# Dump Cake-Fig preserves  with Pecan Cinnamon Streusel Coffee Cake mix.



## indaswamp (Oct 16, 2018)

Ingredients:
1 pint fig preserves
1 box cake mix (I used butter pecan)
  You can buy coffee cake mix, I used what I had on hand and made the streusel topping.
1 stick butter (less 2 TBSPS)

Struesel topping:
1/2 light brown sugar
2 TBSPS. flour
2 TBSPS butter softened
1 tsp. ground cinnamon
1/2 cup chopped pecans

mix dry together then incorporate butter. mash with a teaspoon until crumble forms. stir in chopped pecans.


Dump the figs in the pan then quarter the whole figs with a knife on a cutting board one at a time.






Sprinkle cake mix on top of figs...






cut pats of butter with remaining stick of butter and spread evenly on top of cake mix.

Sprinkle streusel topping over cake mix and butter.

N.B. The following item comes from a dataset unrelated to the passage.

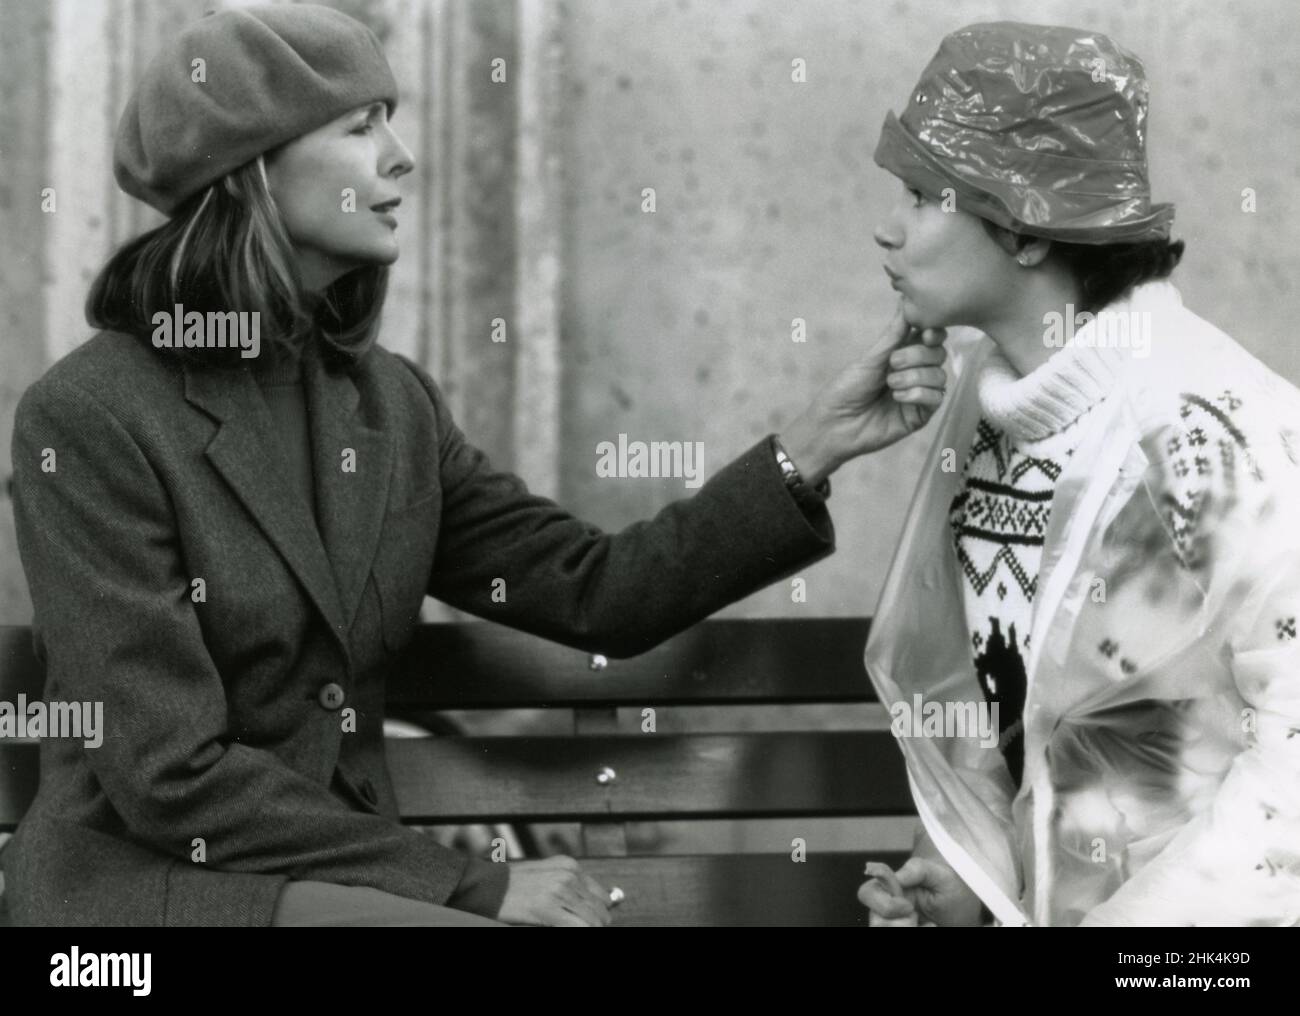 Le attrici americane Diane Keaton e Juliette Lewis nel film The Other Sister, USA 1999 Foto Stock

Bake 350* for about 45 minutes....







Best served with vanilla ice cream.


----------



## gmc2003 (Oct 16, 2018)

I don't really eat desserts, but that sounds and looks wonderful. 

Point for sure.
Chris


----------



## chilerelleno (Oct 17, 2018)

I'm not a big lover of figs.
But like this?  Hell Yeah!
That looks delicious, I'd be cramming that inda my mouth.


----------



## indaswamp (Oct 17, 2018)

Thanks fellas...oooey goooey goodness! It is a very rich dessert though. Hard to eat it without ice cream or a big tall glass of milk.


----------



## Bearcarver (Oct 18, 2018)

Never had Figs, but it Certainly looks & sounds good!!:)

Bear


----------



## GaryHibbert (Nov 4, 2018)

That looks decedantly rich and delicious.  I'll have to make one of these.
Gary


----------